Billings, Hammatt, and Gridley James Fox Bryant. View of the New Jail for Suffolk County, in the State of Massachusetts, Erecting by the City of Boston upon Charles & North Grove Sts: 1848 Josiah Quincy Jr. Mayor: G.J.F. Bryant Architect; H. Billings Del. [1848]. MS Nineteenth Century Crime: Literature, Reports, and True Crime from the American Antiquarian Society 152081. American Antiquarian Society.犯罪, Punishment, and Popular Culture 1790-1920.

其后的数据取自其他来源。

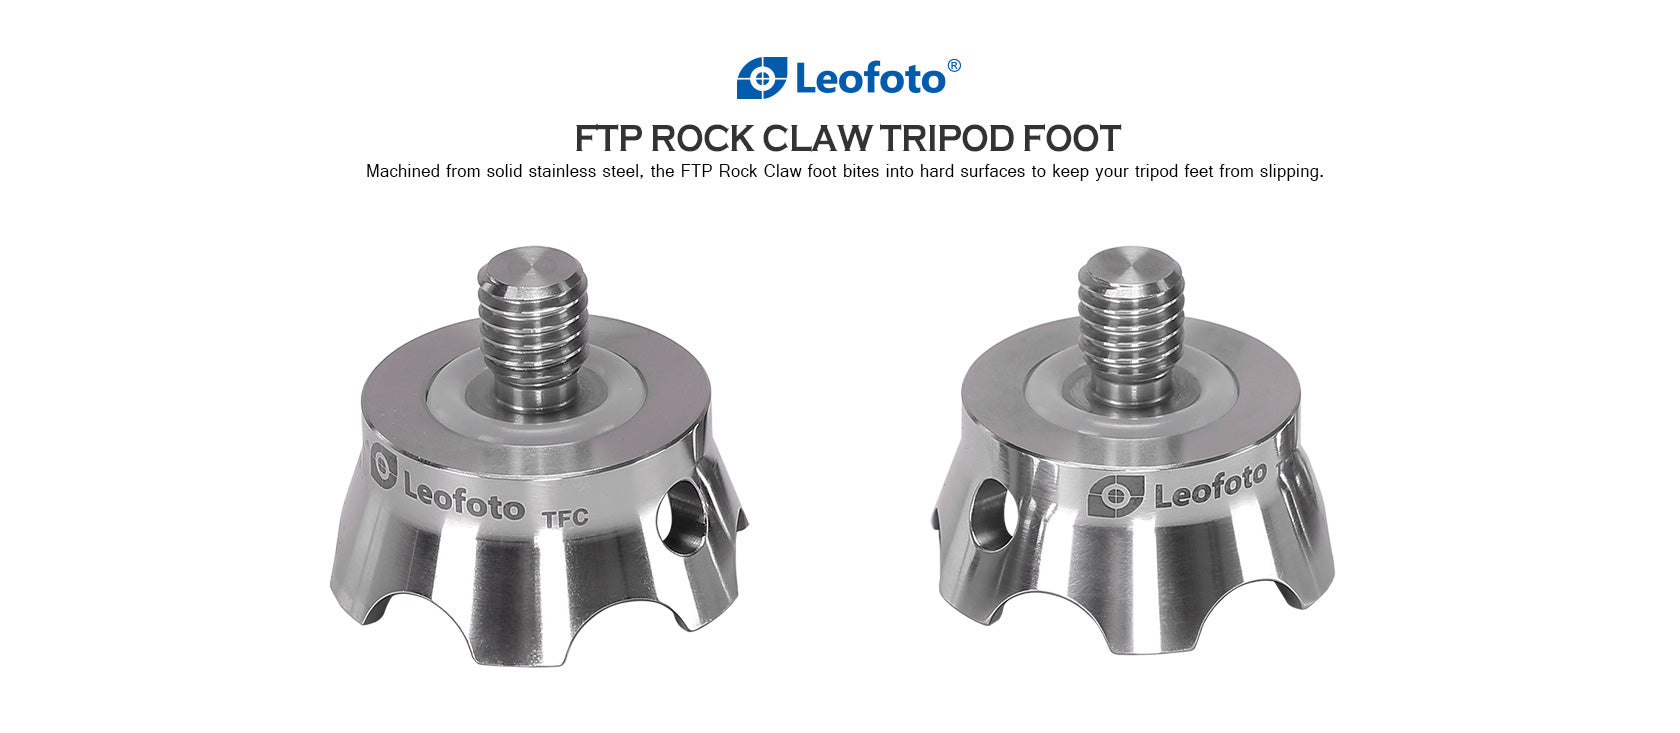 Leofoto TFC, TFC-S1/4, TFC-S3/8 | Set of 3 Tripod Claw Feet
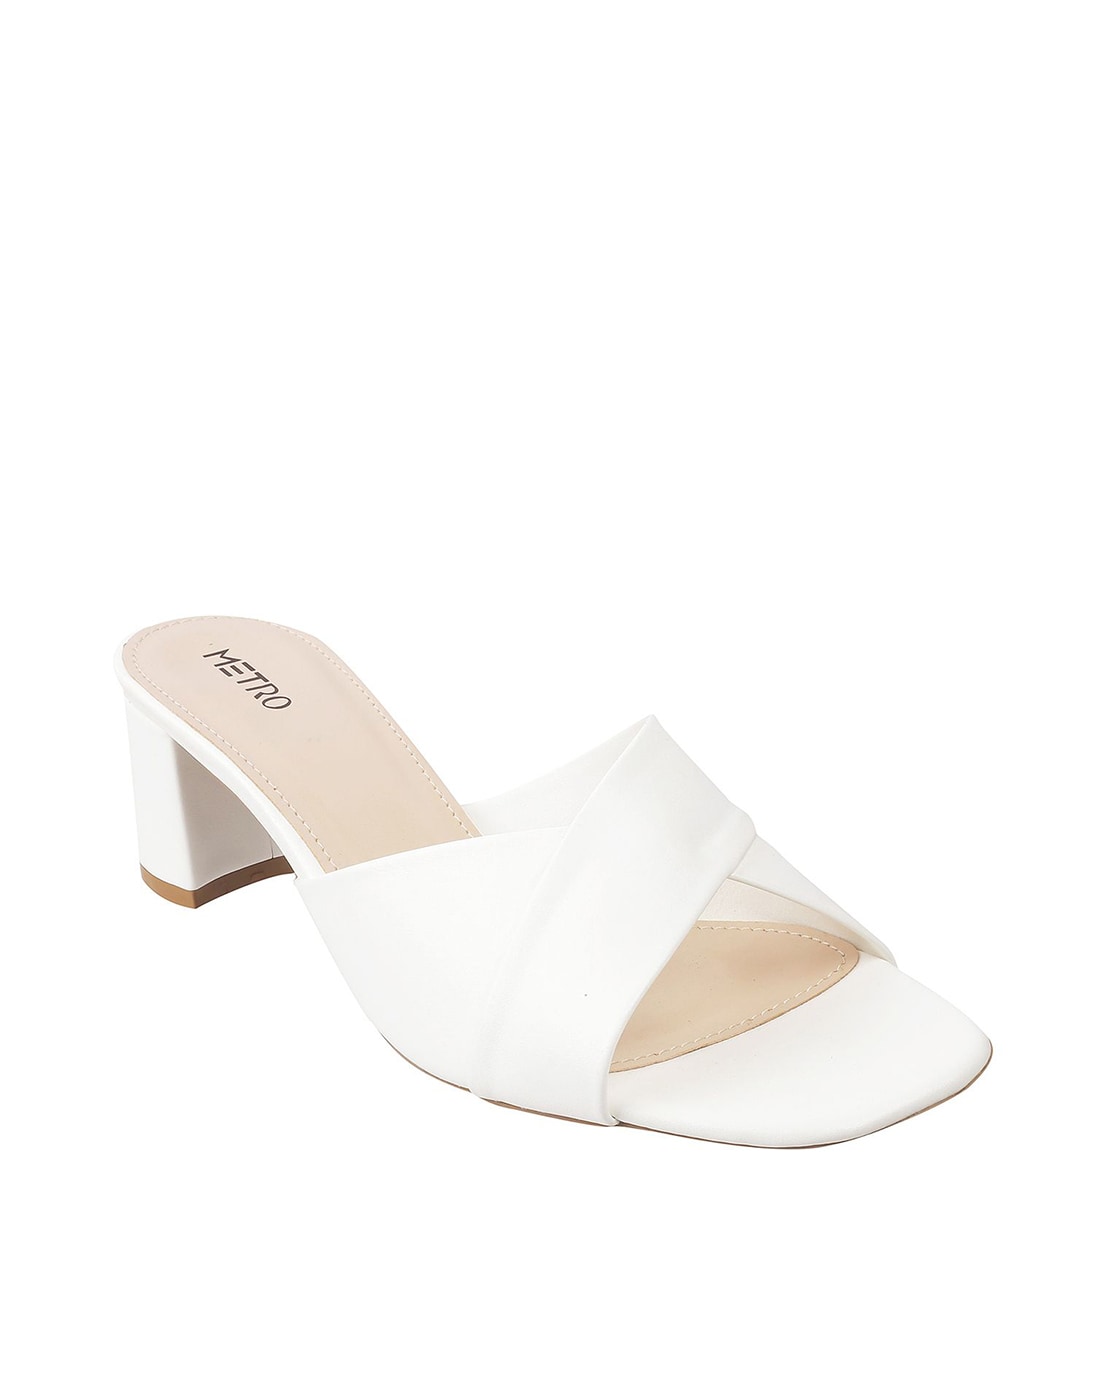 Minima Women's White Dress Sandals | Aldo Shoes

Scholars are increasingly viewing the carceral state as an extensive network of institutions—from policing authorities, holding pens, and county jails to almshouses, hospitals, asylums, and houses of refuge—with deep roots throughout the country. There are many important inquiries in this area for historians of gender and sexuality working at the intersection of race and slavery. One story points to the unusual acquittal of an enslaved man for murder. Titled “Trial of a Slaver for Murder,” the article describes a slave named Richard who killed an enslaved woman named Maria under the orders of his mistress. The court ruled, “Whenever a slave, in the presence and command of his owners, committed an unlawful act, as murder or other crime, he was the mere instrument of his owner’s cruelty, and having no will of his own, could not be amenable to the punishment of the law.” This short account invites far more questions than it answers and is a starting point for exploration of criminal justice in slave holding Charleston, especially given the concluding sentence of the article: “The mistress is, therefore to be tried for killing Maria.”[i]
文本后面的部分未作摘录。